During testing, I got lots of failures in our test suites and never got around to debugging. It could be something obvious/trivial.

So, feel free to take this code and run with it or just give me feedback on the basic approach.

Diff Detail

Event Timeline

DavidKreitzer updated this revision to Diff 61124.Jun 17 2016, 1:38 PM

DavidKreitzer retitled this revision from to Prototype fix for replacing the SETcc/MOVZX idiom with XOR/SETcc for a 32-bit conditional set of 0,1.

DavidKreitzer updated this object.

DavidKreitzer added a reviewer: mkuper.

Hi Dave,

I need to look at this more carefully (I'm not entirely sure it works as intended), but regardless, I'm not a huge fan of having two different opcodes, one for SETCC with a source, and one for SETCC without a source. I mean, imagine we were designing this from scratch. I don't think we'd define two opcodes.

What I've wanted to do - and started doing last year - was add a source dependency to the regular SETCC opcode, and feeding it an IMPLICIT_DEF value when it doesn't matter. The problem is that would require touching every piece of code that creates a SETCC, and probably a lot of places that match on it, hence the extensive changes I was referring to.

Thanks for the quick response, Michael!

I don't think it's unreasonable to have two opcodes - the existing opcode is an 8-bit definition. The new opcode is a 32-bit definition. It is not much different than having two opcodes for addb and addl. The fact that the 32-bit form takes a source operands and the 8-bit form doesn't is just an artifact of the architecture.

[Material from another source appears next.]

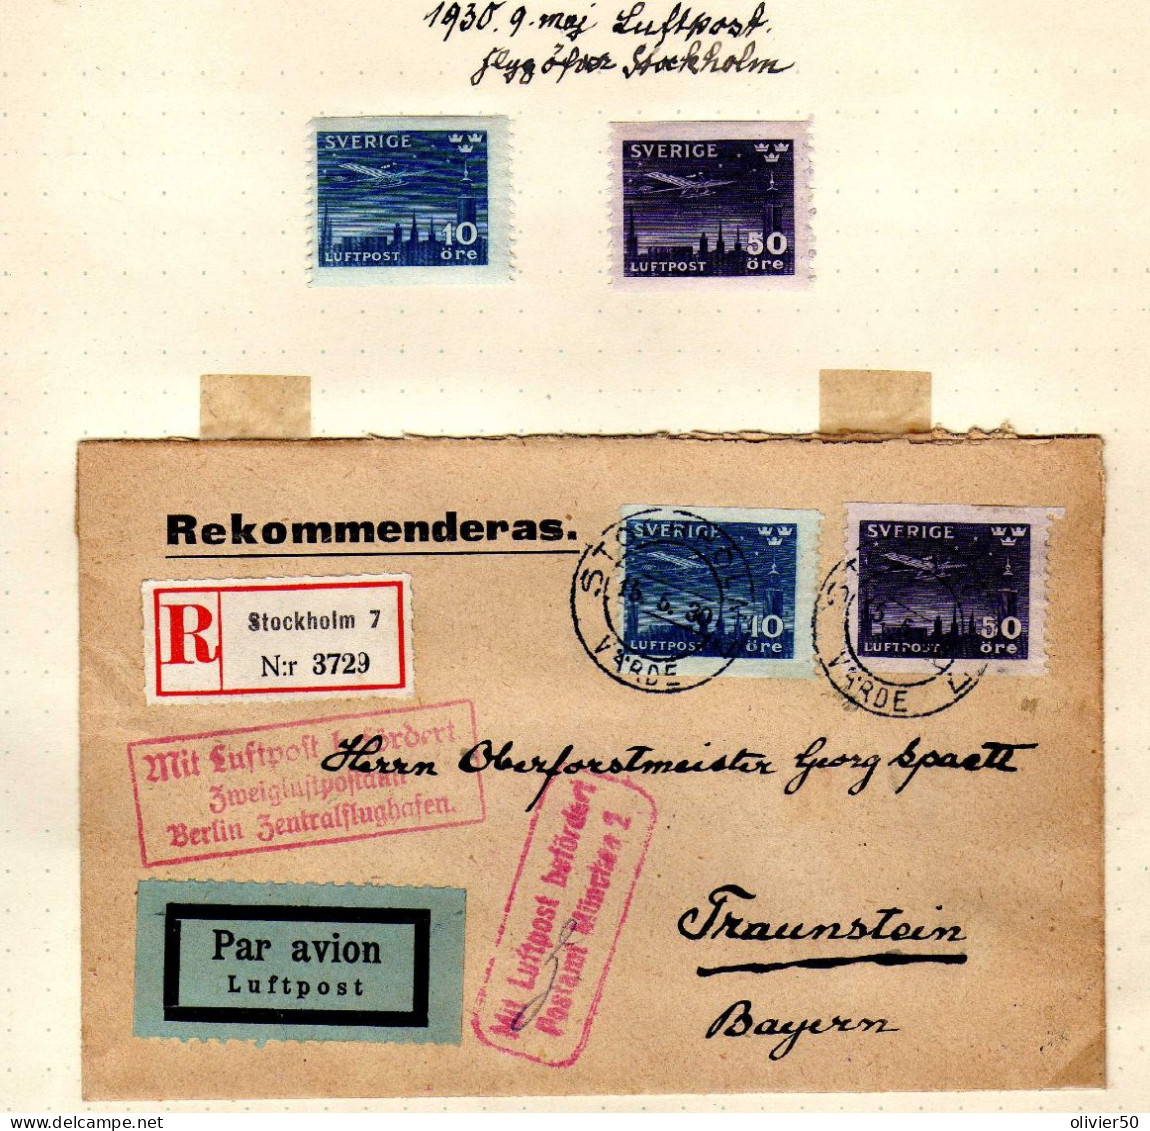 Suede (1930) - Lettre Ouverture Du Service Postal Nocturne Pour La Baviere - Covers & Documents

FWIW, this is how we implemented it in the Intel Compiler (i.e. two opcodes). Of course, in the Intel Compiler, we don't have the same opcode explosion problem, because the condition is separate from the opcode. So it's really just 2 opcodes, not 2xN opcodes.

I would not be surprised at all if the changes do not work as intended, especially the pattern specifications. I understand that code better than I did 6 months ago, but I'm still pretty new to it.

I don't think the add analogy really holds. addb and addl really are two different opcodes in the ISA, with different semantics. And that also means that they are different all the way down to the MC layer.

What really worries me functionally speaking isn't the patterns - I'm not an expert on those either :-). It's whether after ExpandPostRA you're guaranteed the xor and the (now regular) setcc will actually stay where they need to be w.r.t each other, without the setcc depending on the output of the xor.
Are you sure this is true? And I don't mean in the sense that it works now, but as a general invariant? I'm not saying this isn't true, we may in fact already be relying on this, I just don't know.

This is really main reason why I would really prefer having a single opcode - that guarantees that we'll have an explicit dependency all the way through. (Or we concievably could have two different opcodes all the way through, but, yikes).

Your question is a good one, and I don't know the answer. Who knows? That might be the cause of all the failures I was getting.

So what you are basically proposing is to have a single opcode that produces a 32-bit result, right? I can buy into that proposal. But yes, that will require much more extensive changes, I expect.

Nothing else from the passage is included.